I observed that with rewrite rules:

$abb \rightarrow bab $

$baa \rightarrow aba $

Every derivation ends, moreover, if there is same amount of $a$'s and $b$'s in input, then derivation ends in $(ab)^*+(ba)^*$.

Why do these two properties hold?

Answer 1

Consider the potential function $$ \Phi(w_1 \ldots w_n) = \sum_{i=2}^n 2^i 1_{w_i = w_{i-1}}. $$ Applying one of the rewrite rules always decreases the potential: if we change $abb$ to $bab$ at positions $i,i+1,i+2$, then we lost $2^{i+2}$ and might have gained $2^i$. Since the potential is non-negative, every derivation ends.

Suppose now that the initial word contained an equal number of $a$'s and $b$'s. The same is true for the final word, since the rules don't change the number of $a$'s or $b$'s. It therefore suffices to prove that any word that has $n$ letters $a$ and $n$ letters $b$, and doesn't contain $abb$ or $baa$, has the form $(ab)^n$ or $(ba)^n$. We prove this by induction.

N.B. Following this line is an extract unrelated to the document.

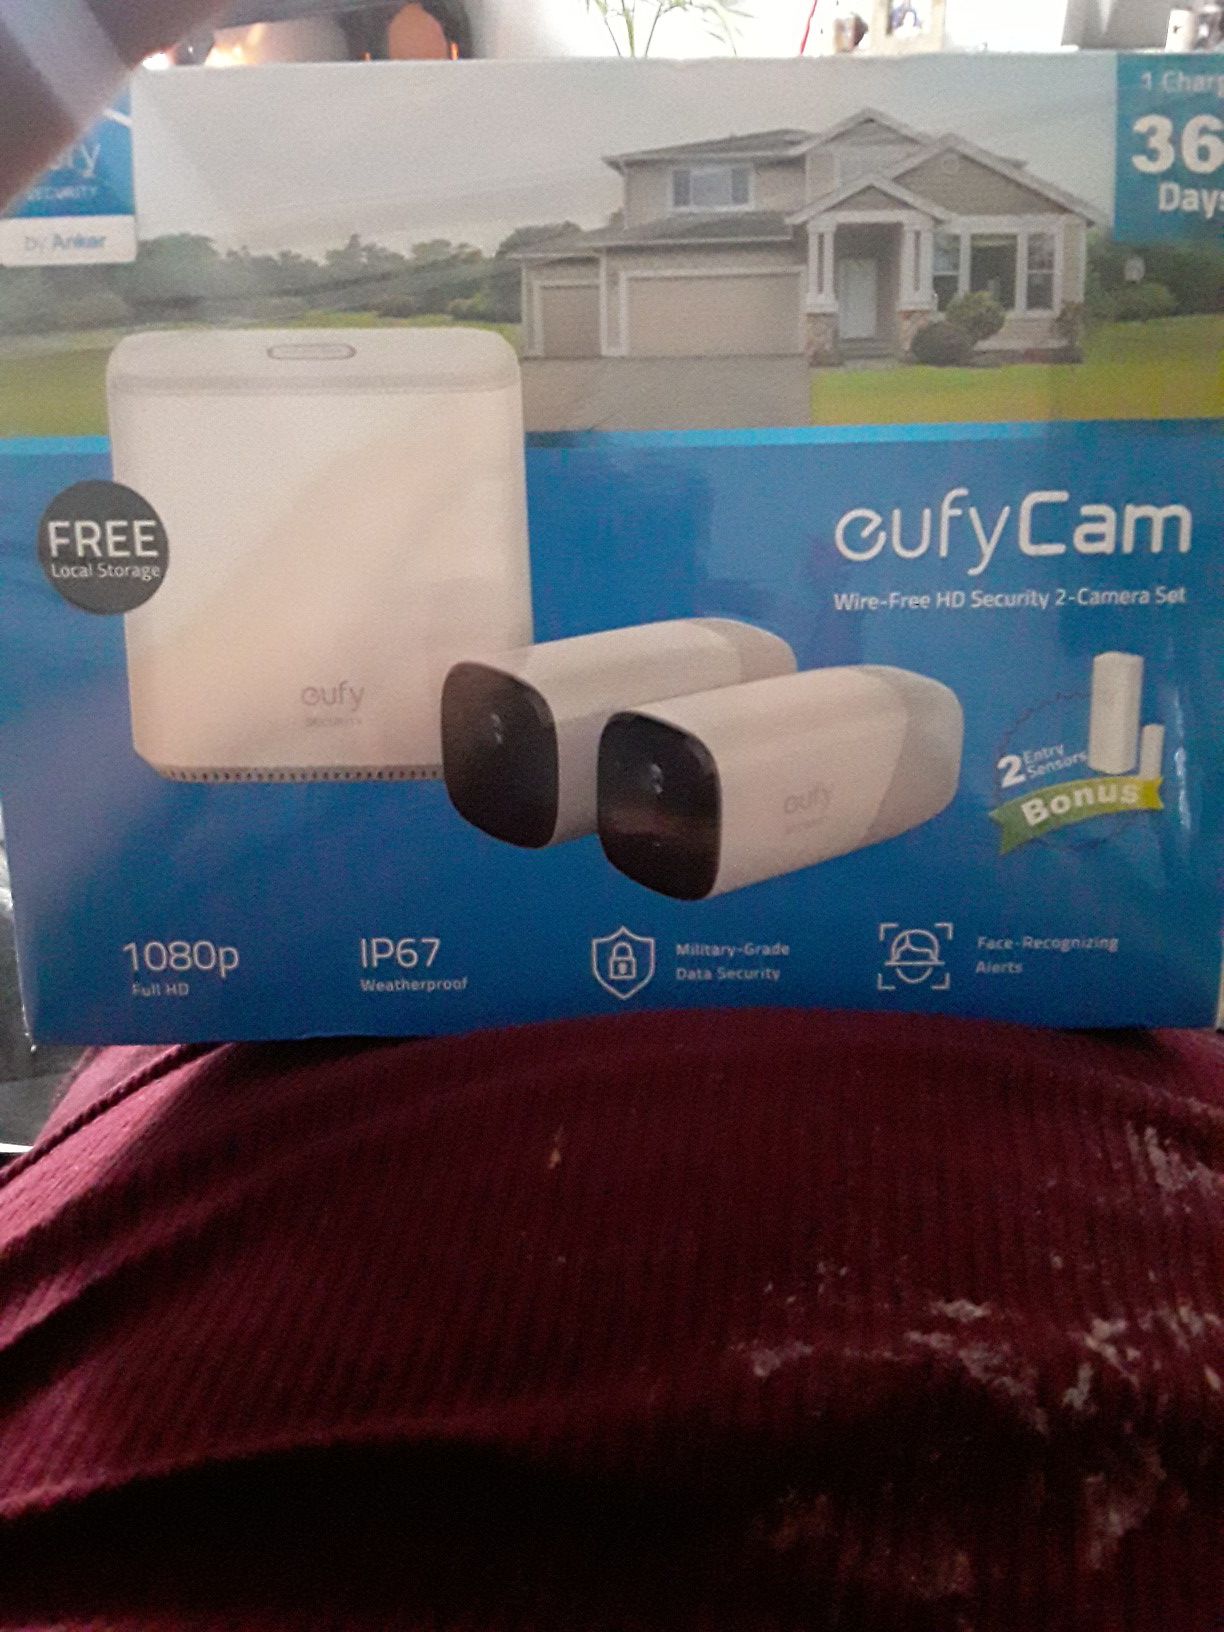 Eufy Cam Wire-Free HD Security 2 Camera Set w/ 2 bonus motion sensors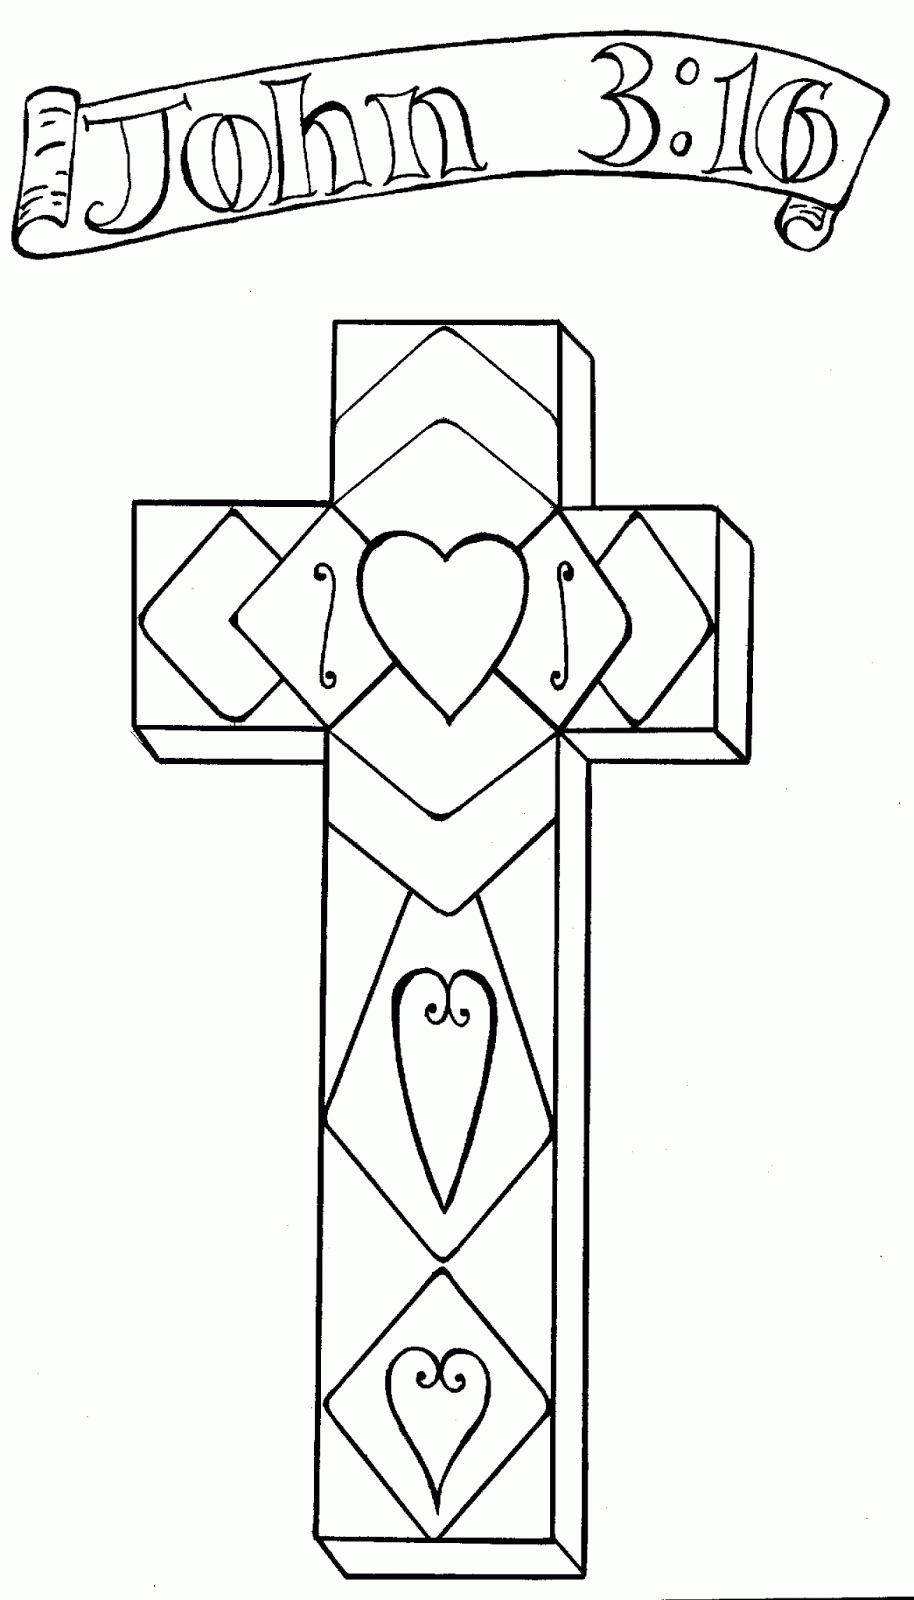 Dibujos de cruces para colorear - Imagui

The base cases $n=0,1$ are trivial, so suppose that $n \geq 2$. Assume without loss of generality that the final word ends with $b$. It must have a suffix of the form $ab^k$ (since it contains at least one $a$). Since it contains no $abb$, we must have $k = 1$. Remove the suffix $ab$ and apply induction to deduce that the word is either $(ab)^n$ or $(ba)^{n-1}ab$. The latter case cannot happen since it contains $baa$, and so the word must be $(ab)^n$.

We can slightly strengthen this result by noticing that the rewrite rules never change the final letter of the word. So we reach $(ab)^*$ if the original word terminated with $b$, and reach $(ba)^*$ otherwise.